Atlanta DUI suspect admitted to offense but was found not guilty

Ryan Lisabeth admitted to driving under the influence of drugs in Atlanta but was found not guilty of the charge in March of this year, a month before police say he drove high again and mowed down three boys on a city sidewalk, allegedly killing one of them, records obtained by The Atlanta Journal-Constitution show.

Had Lisabeth been found guilty of the charge in March, that would have represented his third DUI conviction within 10 years, meaning he could have been sentenced with up to 12 months in jail and had his driver license and license plates taken away.

Instead, Lisabeth, 28, was free to roam — and licensed to drive — on April 15, when he crashed his red 2009 Toyota Corolla on Joseph E. Boone Boulevard. Isaiah Ward, 9, died from injuries in the wreck, according to police. His older brother, Roland, 11, is suffering from a broken leg and a broken pelvis. And a friend — 13-year-old Timothy Hood — is undergoing rehab for a traumatic brain injury. Hood's mother is now suing Lisabeth for unspecified damages. Meanwhile, Lisabeth, who has an extensive history of drug-related convictions, is now facing vehicular homicide, possession of heroin and driving under the influence of heroin charges.

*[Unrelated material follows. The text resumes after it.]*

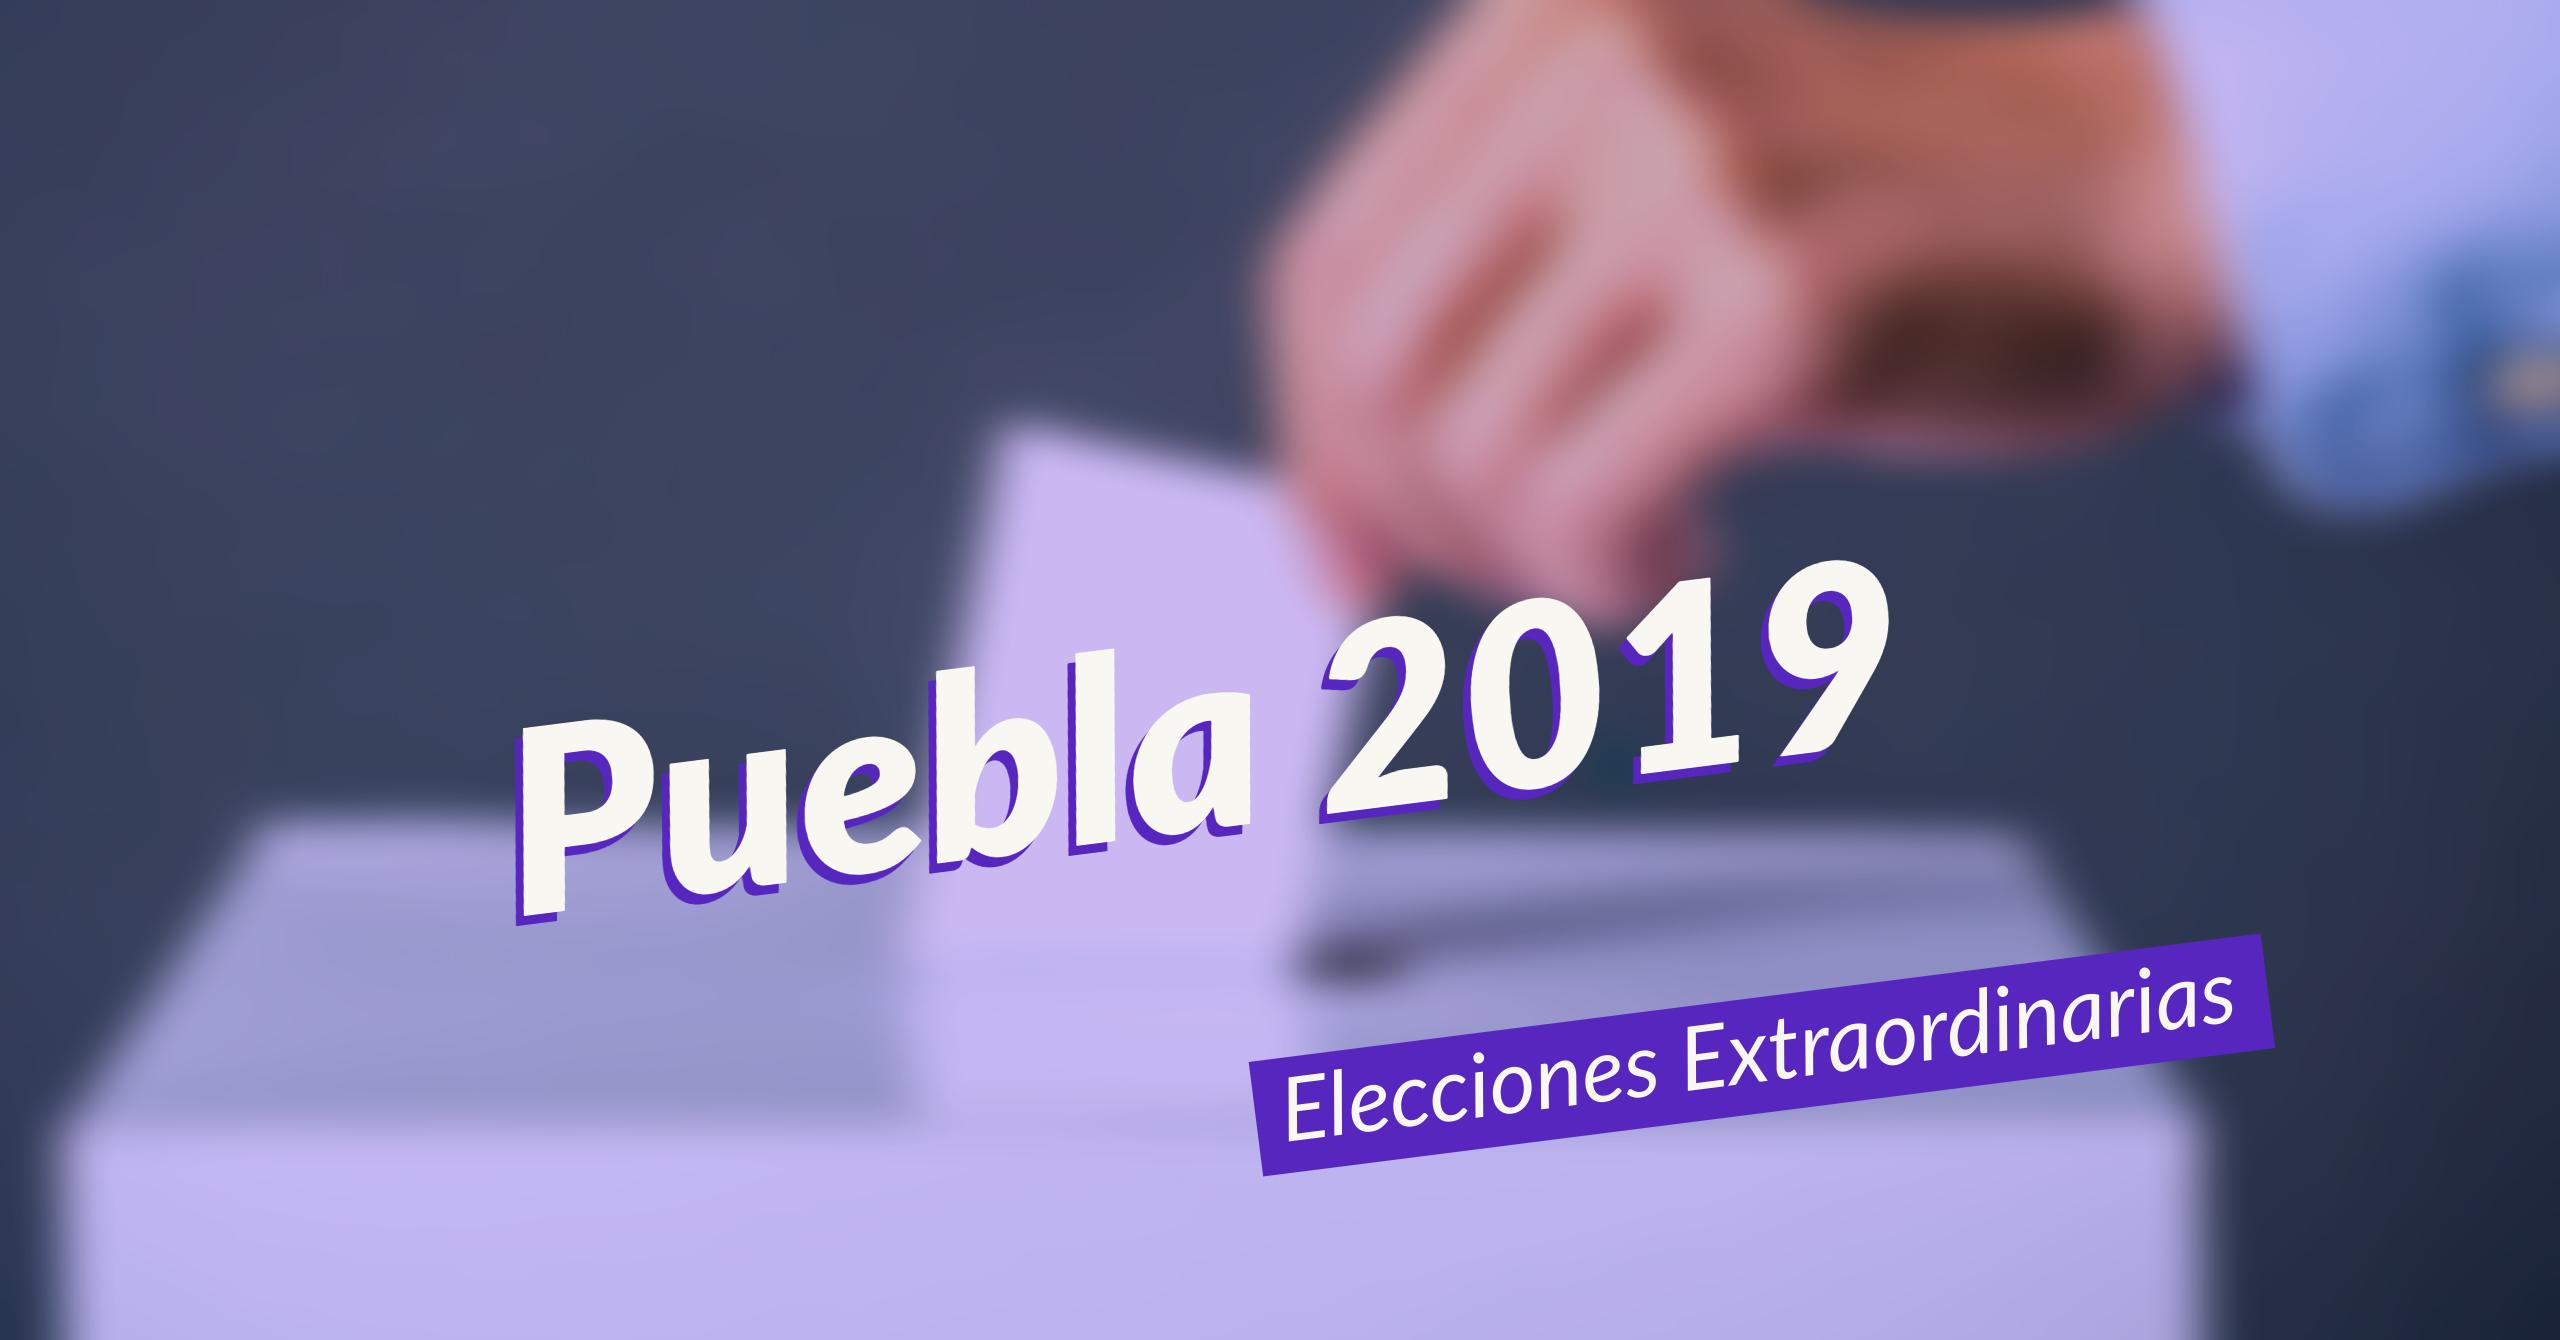 Sigue los resultados de la elección en Puebla

An AJC investigation of Lisabeth’s DUI case reveals a lack of communication between courts in different jurisdictions, DUI enforcement policies that vary widely among police departments across the Atlanta region and jail overcrowding that prompted Lisabeth’s early release.

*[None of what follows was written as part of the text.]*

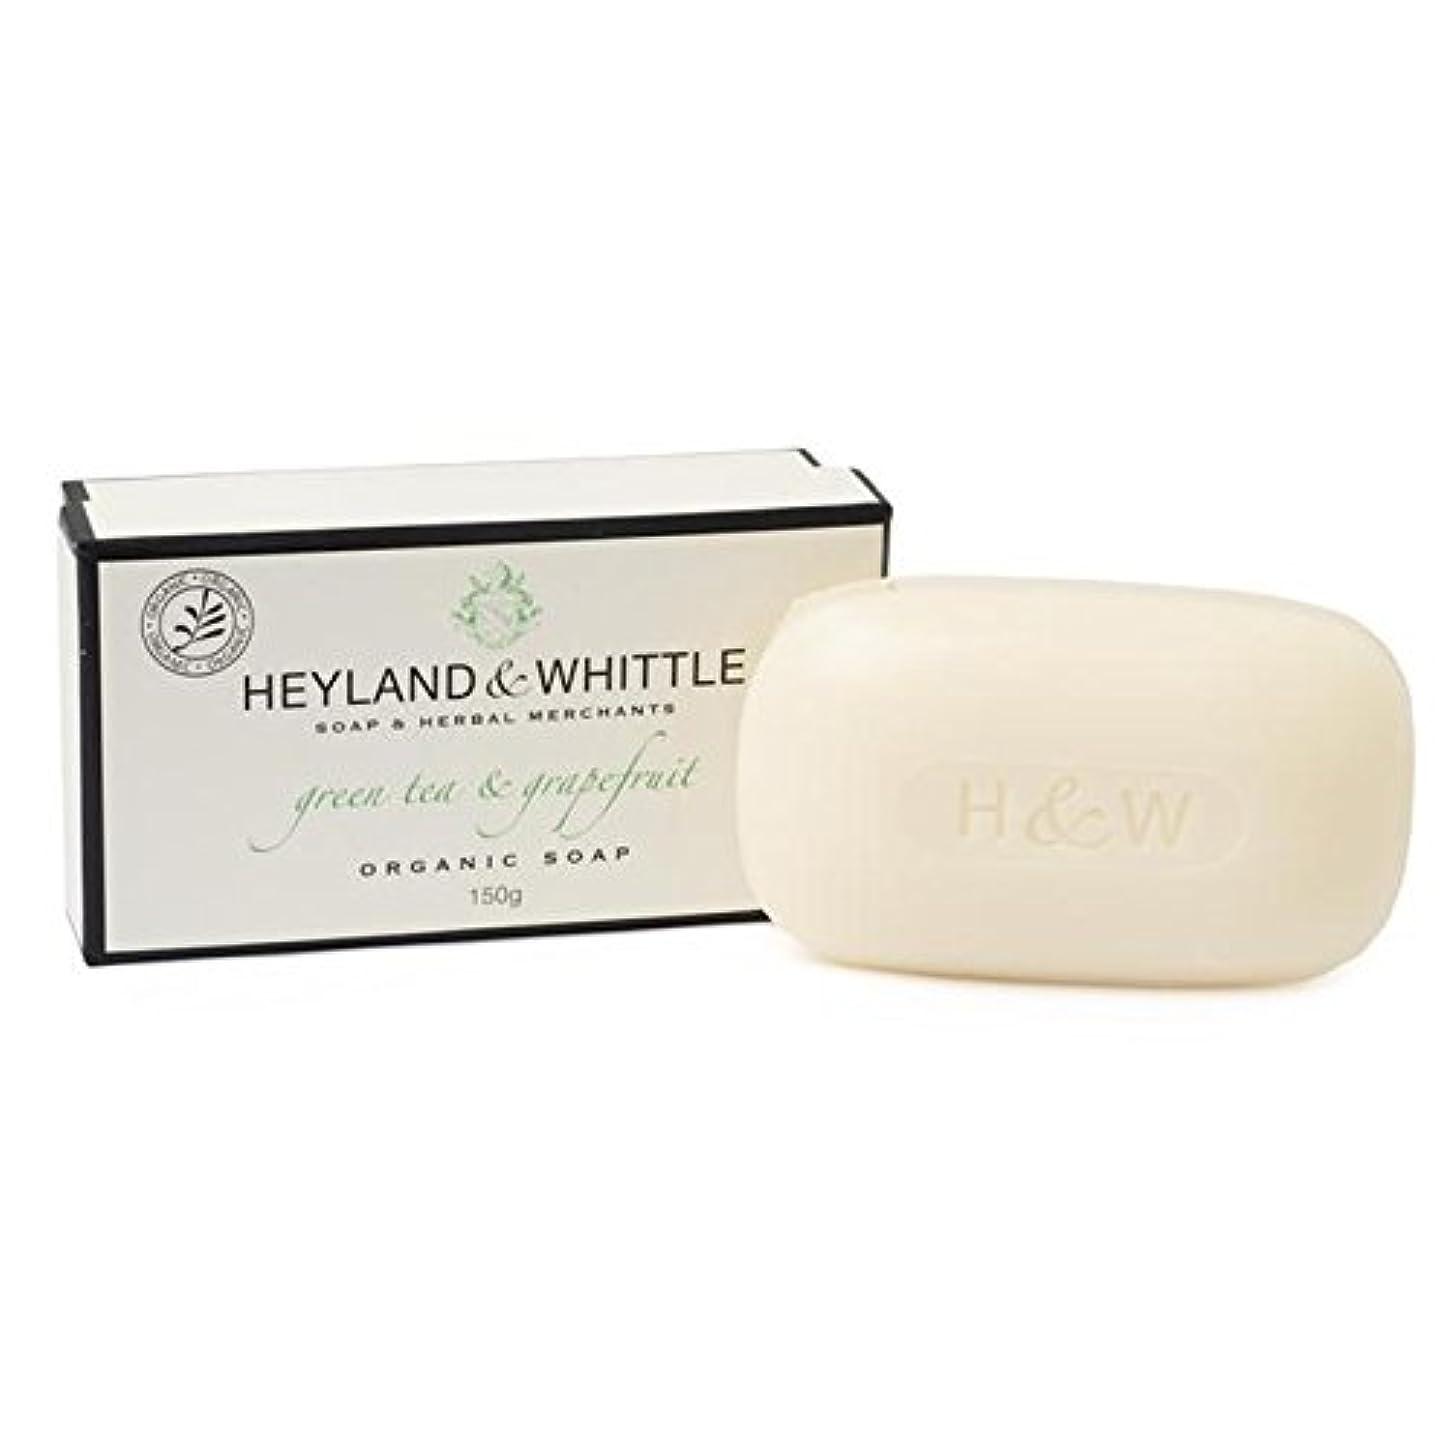 エスカレーター描写顕微鏡Heyland & Whittle Green Tea & Grapefruit Boxed Organic Soap 150g (Pack of 6) - &削る緑茶&グレープフルーツはオーガニックソープ150グラム箱入...

The annual number of DUI convictions in Georgia has dropped by 15 percent since 2013, from 27,384 that year to 23,280 in 2015, state figures show. Meanwhile, alcohol-related traffic fatalities have increased by 17 percent, rising from 155 in 2012 to 182 in 2014, the most recent year for which data is available.

Lisabeth’s case is egregious but not unique, said Kenneth Beck, director of the University of Maryland Driving Under the Influence Institute, which offers DUI enforcement training.

“We have seen cases like this before. Thank God this gentleman is in jail now to prevent him from at least having access to a vehicle,” Beck said. “There needs to be an increased level of enforcement, an increased level of prosecutorial vigor and an increased level of adjudication by the judges.”

Search warrant policies vary

Police and court records paint a vivid picture of the day in 2013 when Lisabeth wrecked his red Chevrolet S-10 pickup truck near the IKEA furniture store in Midtown. He rear-ended a teenager who was stopped at a red traffic light in the afternoon that day.

Ryan Dobler, the Atlanta police officer who responded, said he found Lisabeth slumped over his steering wheel. Dobler said he poked Lisabeth on the shoulder to wake him up. When Lisabeth responded, Dobler said, his eyes were “glazed over,” his pupils were small, his speech was slurred and he kept scratching his nose. Dobler said Lisabeth told him he was running late for drug counseling.

The ambulance crew said Lisabeth’s blood pressure was high and that — based on his slow speech — he appeared to be on some type of narcotic, according to Dobler’s incident report. In that same report, Dobler said he asked Lisabeth whether he was on a narcotic. His report doesn’t reflect a yes or no answer from Lisabeth, who instead said he was scratching his nose because he was hot and sweating.

Dobler testified that he did not ask Lisabeth to submit to any standardized field sobriety tests — such as standing on one leg — because he was concerned Lisabeth was overdosing. But his department’s policies list several alternative sobriety tests that should be done under that scenario, including reciting a portion of the alphabet. Further, after he was arrested and taken to jail, Lisabeth refused to submit to a blood test to determine if he had been driving on drugs.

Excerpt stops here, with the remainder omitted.